• [EXERCISE AIM]: Only the pictures are to be left out; the listing itself is repeated exactly.

• [DATA BLOCK]:
╔══
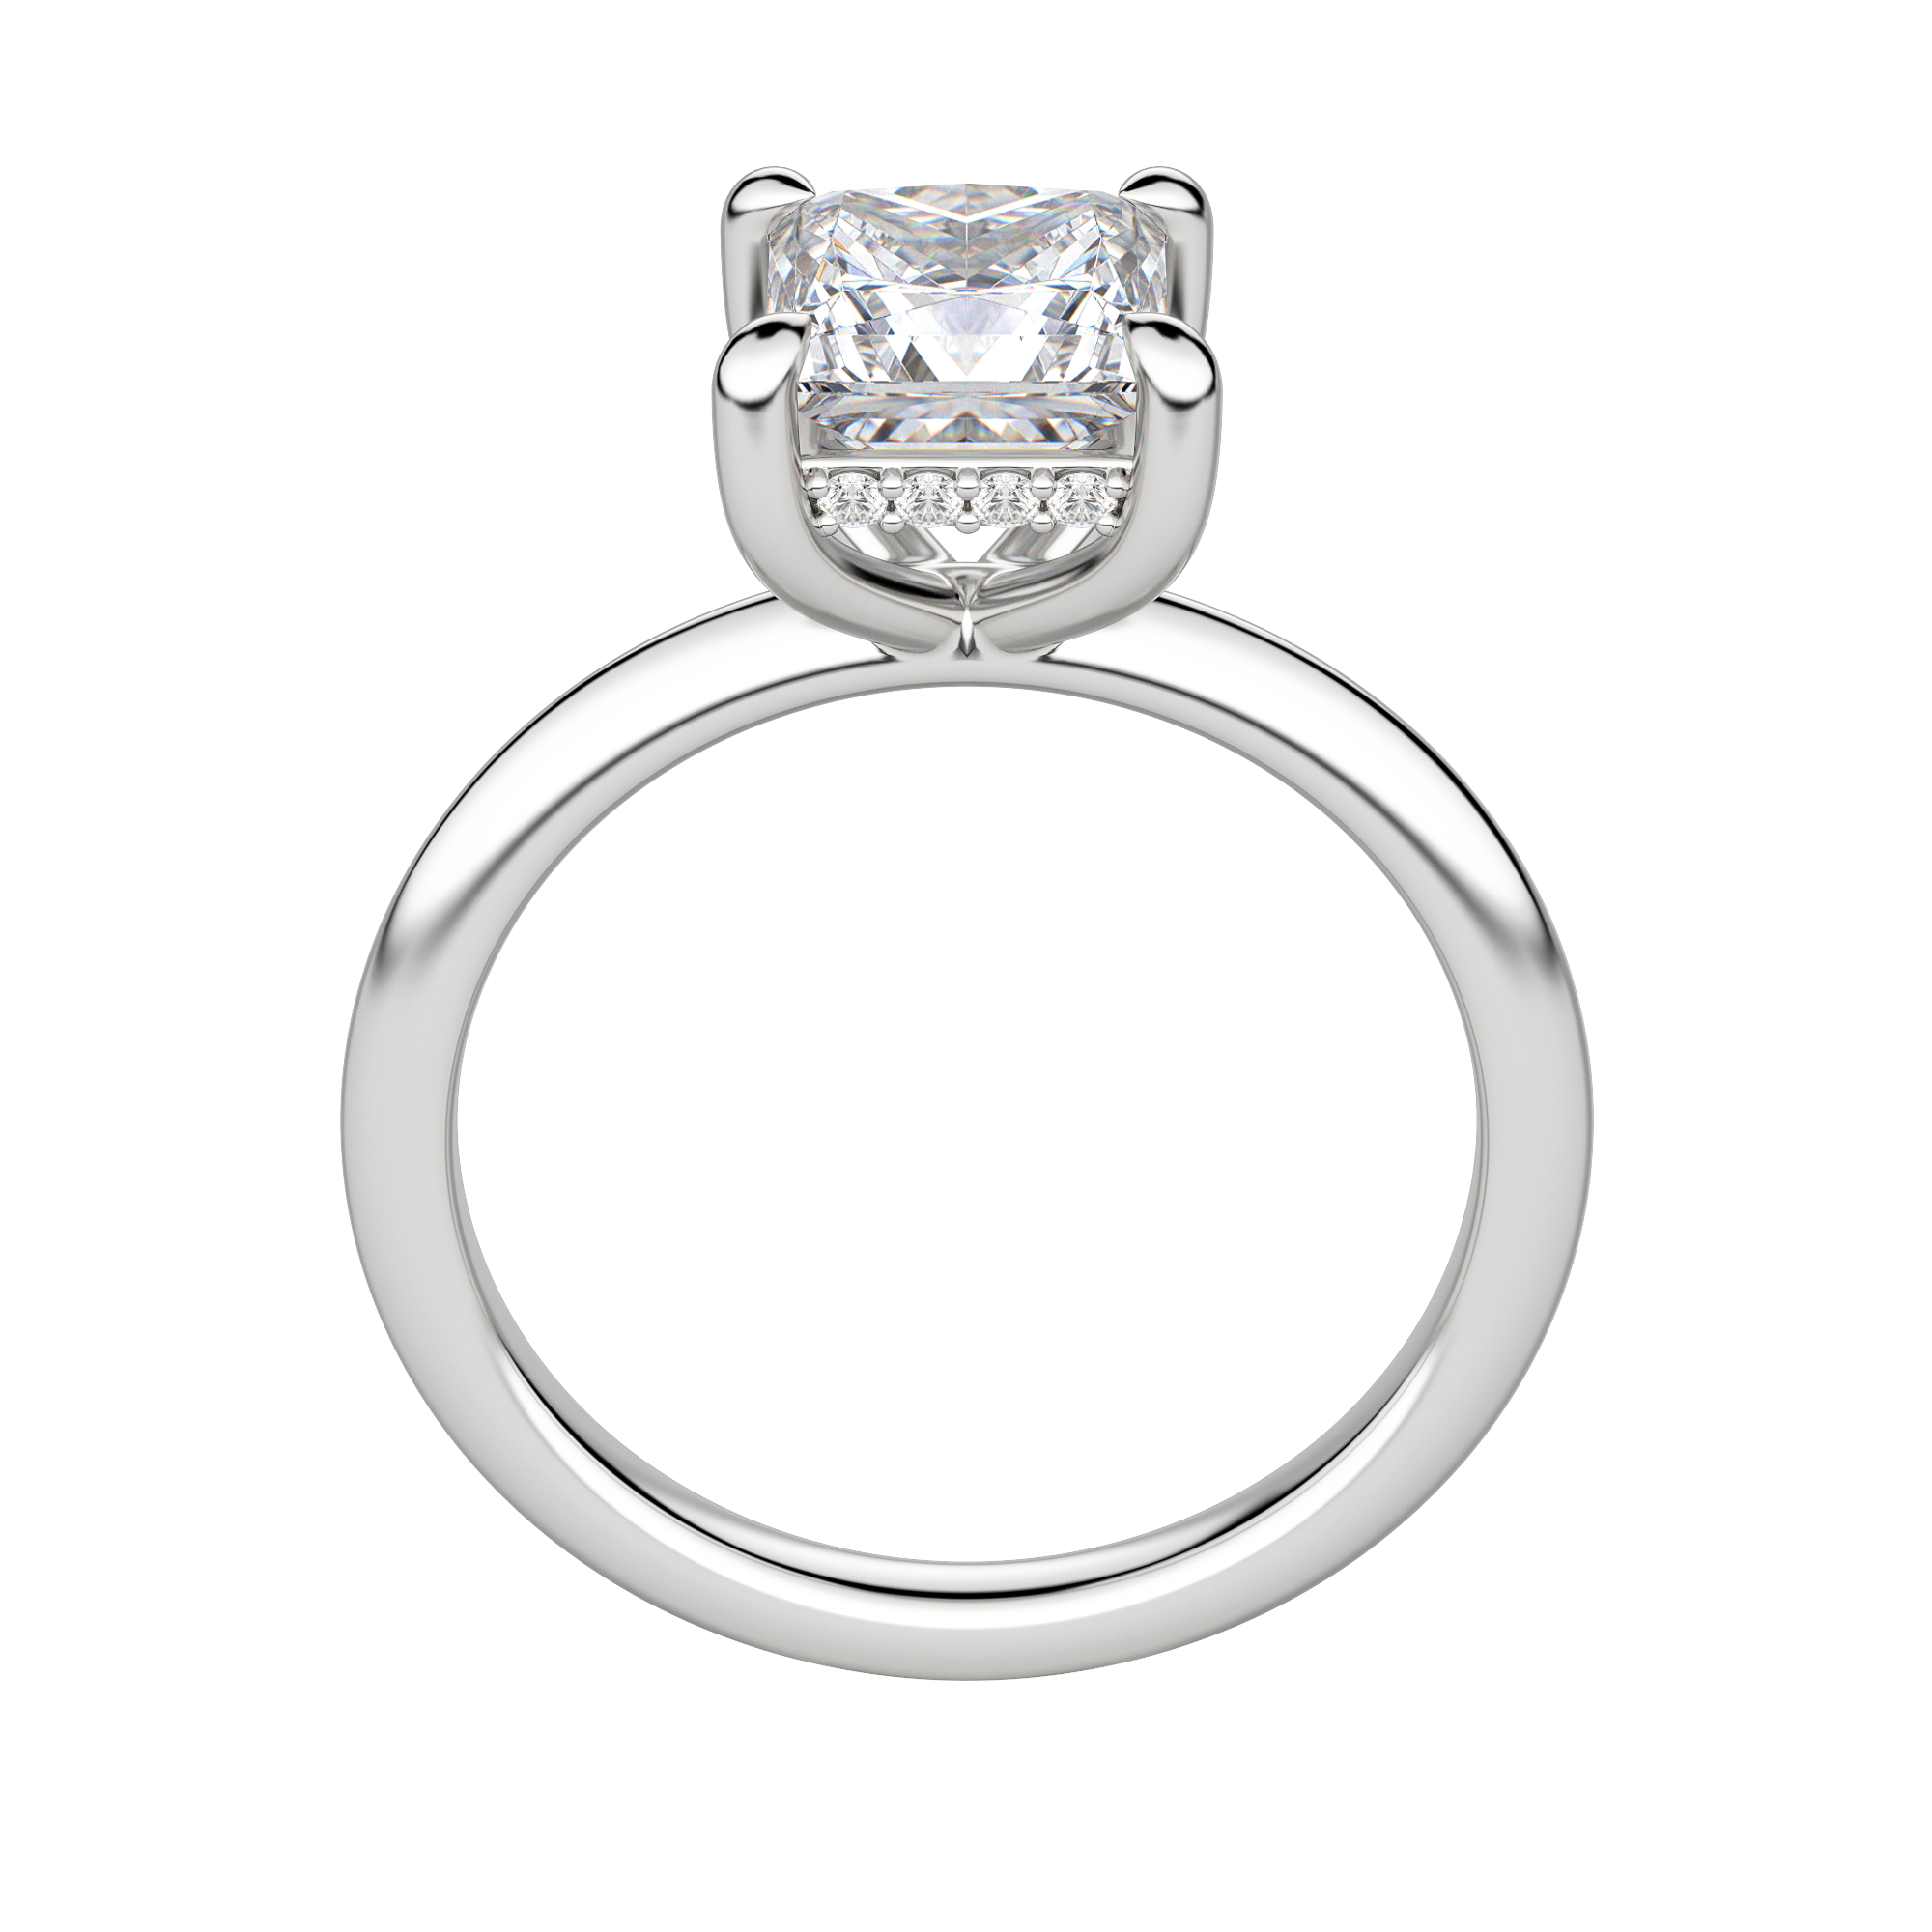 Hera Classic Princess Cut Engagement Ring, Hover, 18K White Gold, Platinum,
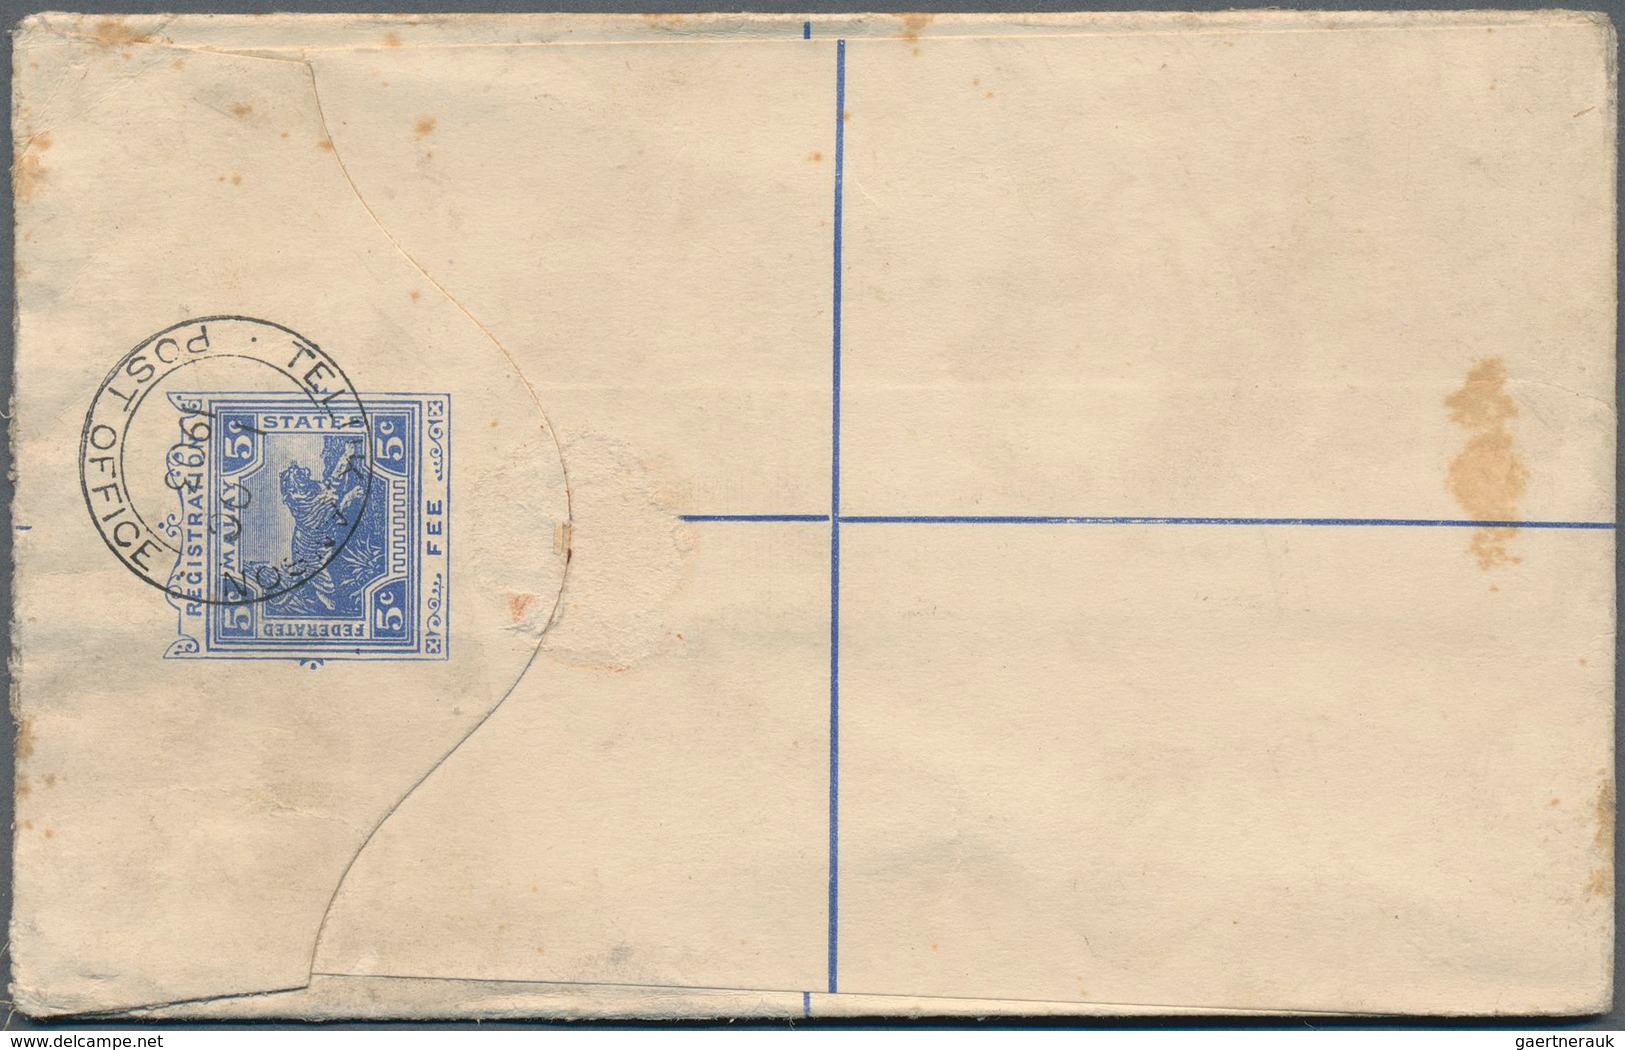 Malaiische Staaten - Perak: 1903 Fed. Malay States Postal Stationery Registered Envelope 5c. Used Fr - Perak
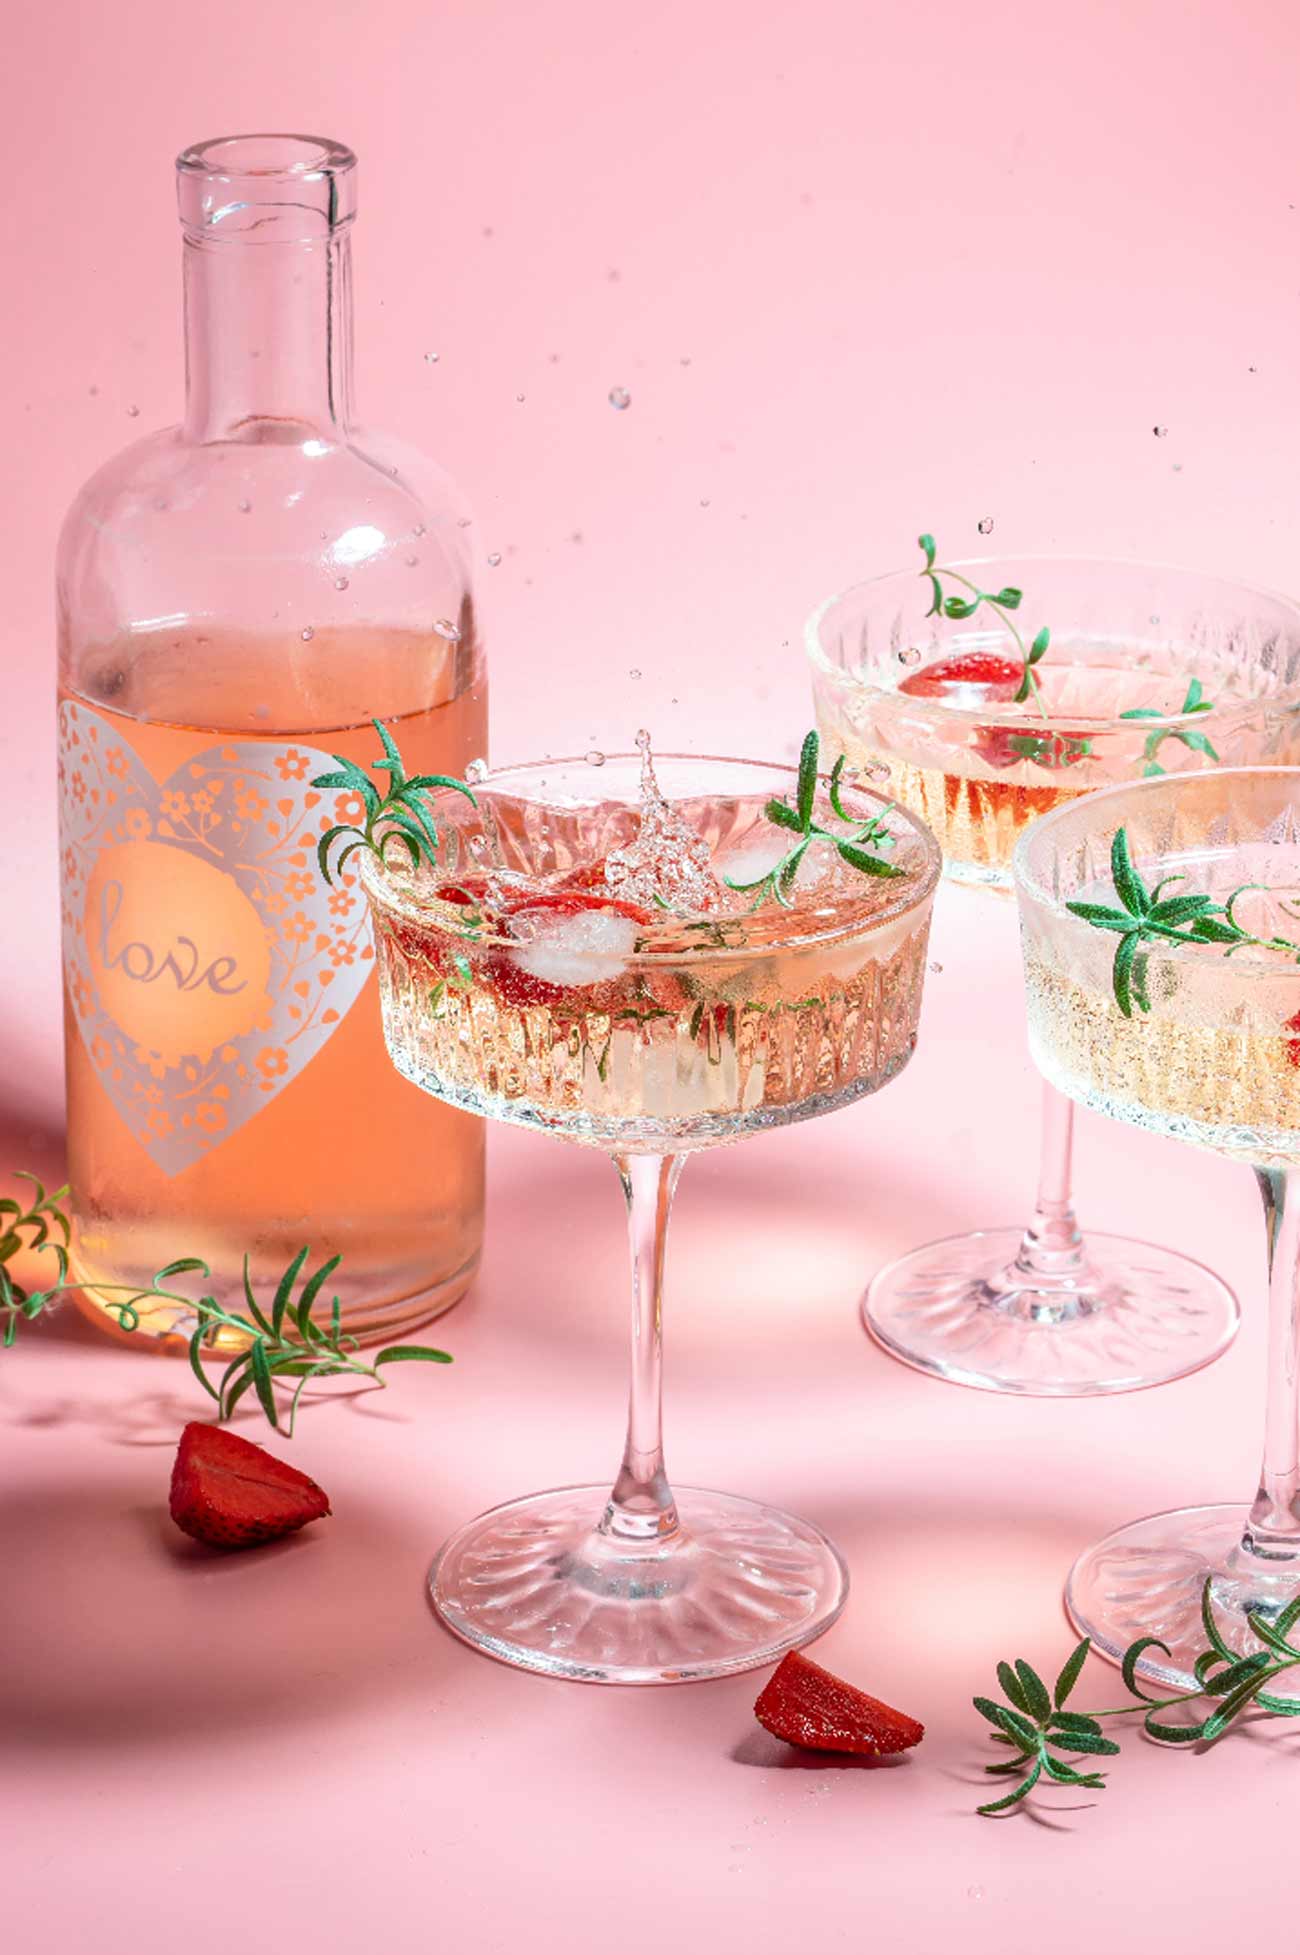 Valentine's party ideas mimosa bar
╚══
• [EXERCISE RESPONSE]:
 Hera Classic Princess Cut Engagement Ring, Hover, 18K White Gold, Platinum,
 Malaiische Staaten - Perak: 1903 Fed. Malay States Postal Stationery Registered Envelope 5c. Used Fr - Perak
 Valentine's party ideas mimosa bar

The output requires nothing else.